The Oval Test was the only Test Match played that summer, although Australia enjoyed a full four month tour of England playing a total of 37 matches, 32 of them first-class. The tourists drew 11 matches on the tour and lost only four, to to Cambridge University, the Players, Cambridge Past & Present, and the North of England, with their star performers being Spofforth with 143 wickets and their captain Billy Murdock registering 1540 runs.

There's no doubt the Australian side was an experienced one, all eleven having previous Test experience, but the batting and bowling figures for that English first-class season told that, on paper at least, the English team were superior in every department. England had not, it has to be said, had the best of the encounters that had taken place in Australia, but in the only previous Test Match on English soil, the occasion in 1880 where all three Grace brothers played in the same side, England won by five wickets after making the Australians follow on. It's easy to see why the home crowd felt so cocksure.

The Test Match itself was scheduled to last three days, with Australia winning the toss and opting to bat. It didn't start well for the tourists as Ulyett bowled Massie with only 6 runs on the board, before a dramatic colapse saw Murdoch, Bonnor, Bannerman, Horran and Giffen dismissed by Peate and Barlow to leave them at 30 for 6. Garrett and Blackham helped their side to something approximating respectability, but all out for 63 was hardly an imposing total. England fared only slightly better in their first innings, Grace falling for just 4 and Ulyett the only player to pass 20 as Spofforth picked up seven wickets. The home side put on 101 before the final wicket fell to bring the first day to a close.

Bannerman and Massie were much improved when the Australians opened up on day two, passing England's 38 overnight lead without loss and making 66 together before Massie was bowled for 55, the only half-century of the match. Bonnor and Bannerman both fell soon after but Murdock steadied the ship a little, making 29 with various partners at the other end. With the score at 114 the pivotal event of the match took place as Jones was run-out by Grace, who had hidden the ball behind his beard and taken the bails of as Jones, assuming the ball to be dead, wandered out of his ground.
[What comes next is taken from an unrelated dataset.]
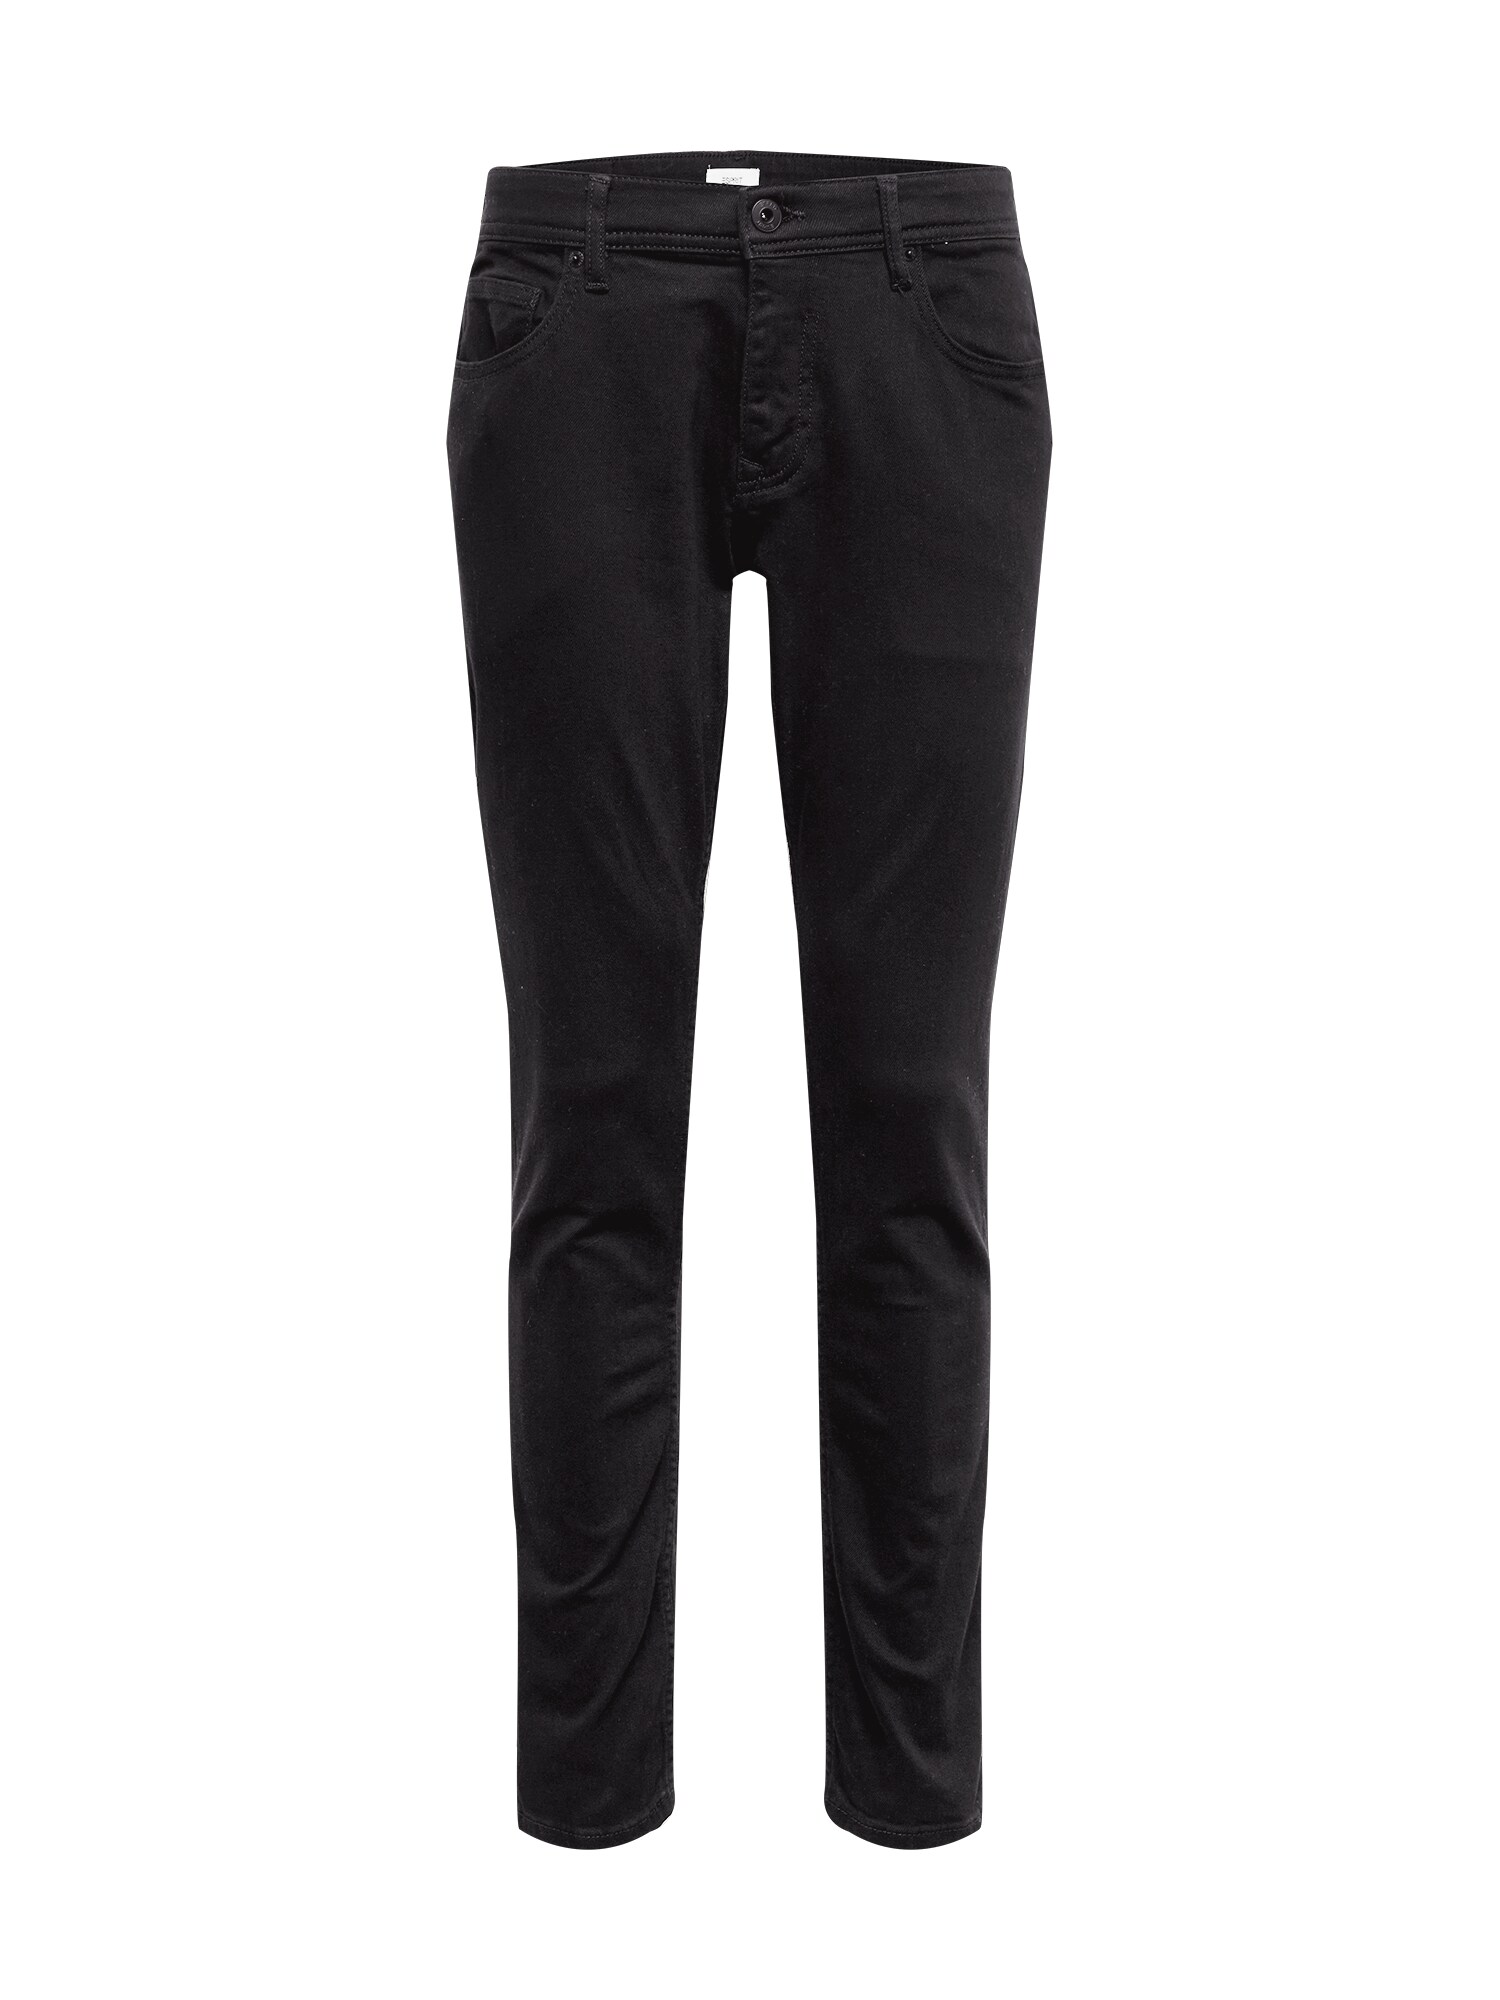 ESPRIT Džinsai  juodo džinso spalva

The manner of Jones's dismissal outraged the Australian side, not least Spofforth who was next man in.

Only eight more was added before the Australian innings came to a close, but despite only setting 85 for England to chase, Spofforth was adamant that he could avenge Grace's gamesmanship, telling his team-mates "This thing cane be done". True to his word, Spofforth unleashed one of the greatest spells of fast bowling ever seen, dismissing Hornby, Barlow, Ulyett, Lucas, Lyttelton, Steele and Read to leave England ten runs short with two wickets in hand.

With no runs added Barnes was caught off his glove from the bowling of Boyle, leaving the two tail-enders Studd and Peate at the wicket, still a tantalising 10 short of victory. Peate didn't trust the batting of Studd, who was playing his first Test, and took it upon himself to knock the runs off. However, after facing just three balls and adding two runs, he was bowled by Boyle and the whole of cricketing England descended into mourning.